The command creates a tar file in /dev/tape from the contents of smb using gzip compression and a blocking factor of 1000. The blocking factor is supposed to make tar write to the tape device in chunks of 1000 blocks (i.e., of 0.5MB).

Accessing the tape in large blocks is mandatory for some devices, and — according to some man pages for tar — can be more efficient than access in smaller chunks. Since tape drives typically read or write data at a fixed rate, if that rate cannot be maintained on the rest of the system the drive has to read or write some data and then stop and backtrack to a point where the next block can be written. When this phenomenon occurs, the performance of the drive drastically deteriorates, and the drive is no longer said to be streaming. Writing in large blocks can help the drive to stream.

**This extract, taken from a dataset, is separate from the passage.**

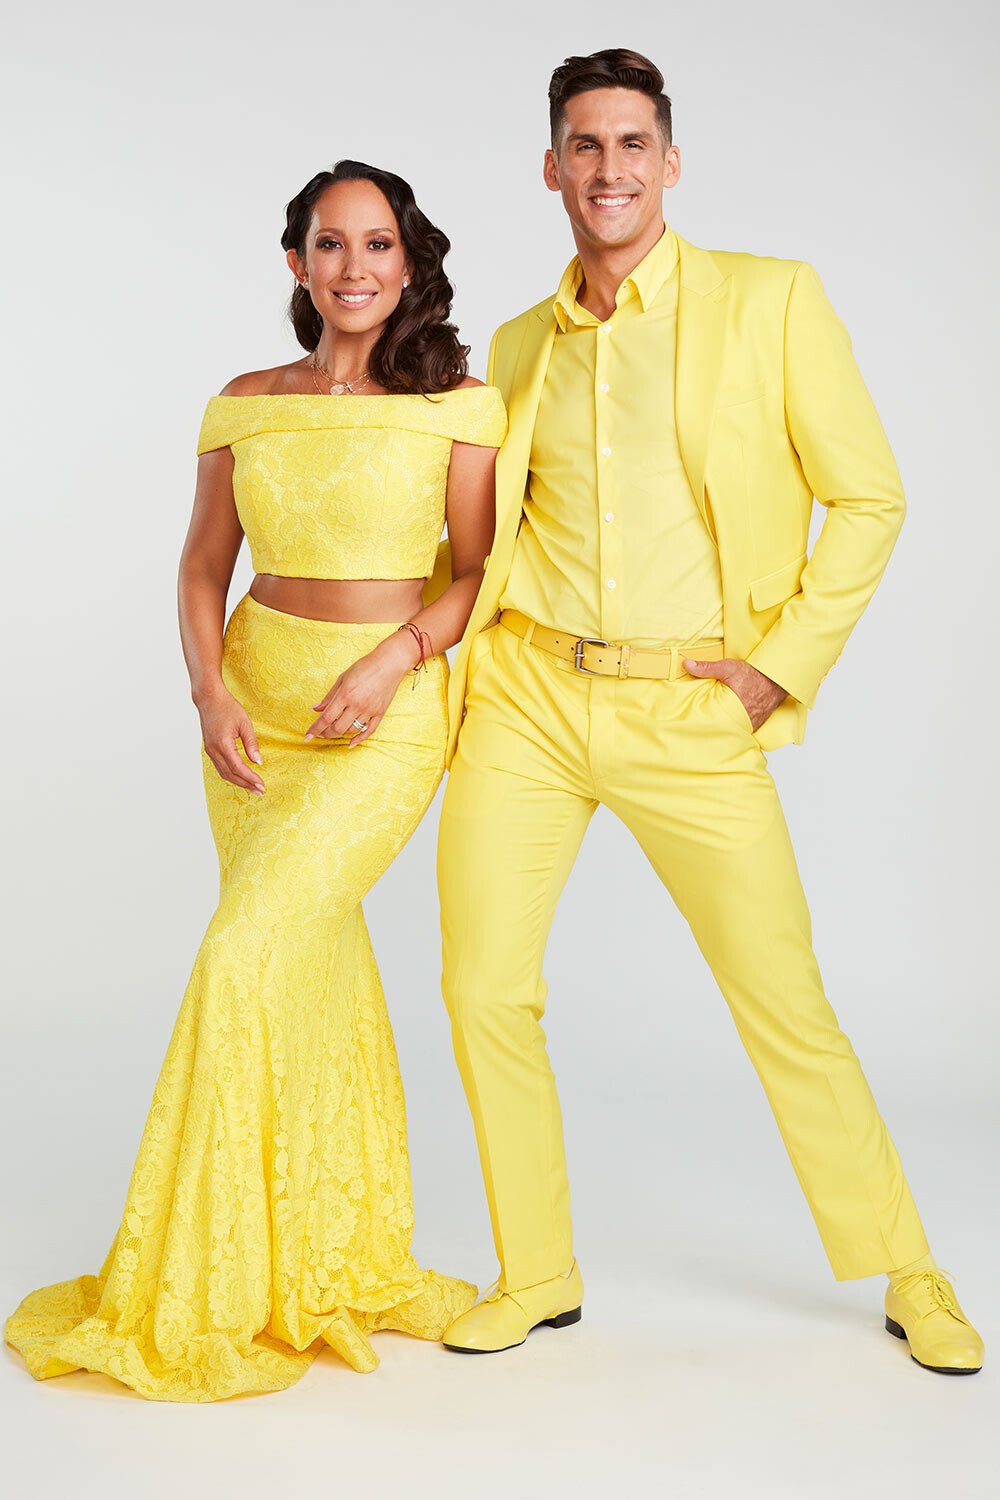 <i>Maarten de Boer/ABC</i><br/>Cheryl Burke's 'Dancing with the Stars' partner Cody Rigsby tests positive for Covid-19.

Our drive consistently refused to stream. Increasing the size of the blocking factor had absolutely no effect. Going through the source code of tar we are using (GNU tar 1.11.8 with a small local modification to handle the lack of stable inode numbers in SMB filesystems), I noticed that when compression is specified, tar ignores the blocking factor. That explained the lack of streaming and prompted me to examine the matter further.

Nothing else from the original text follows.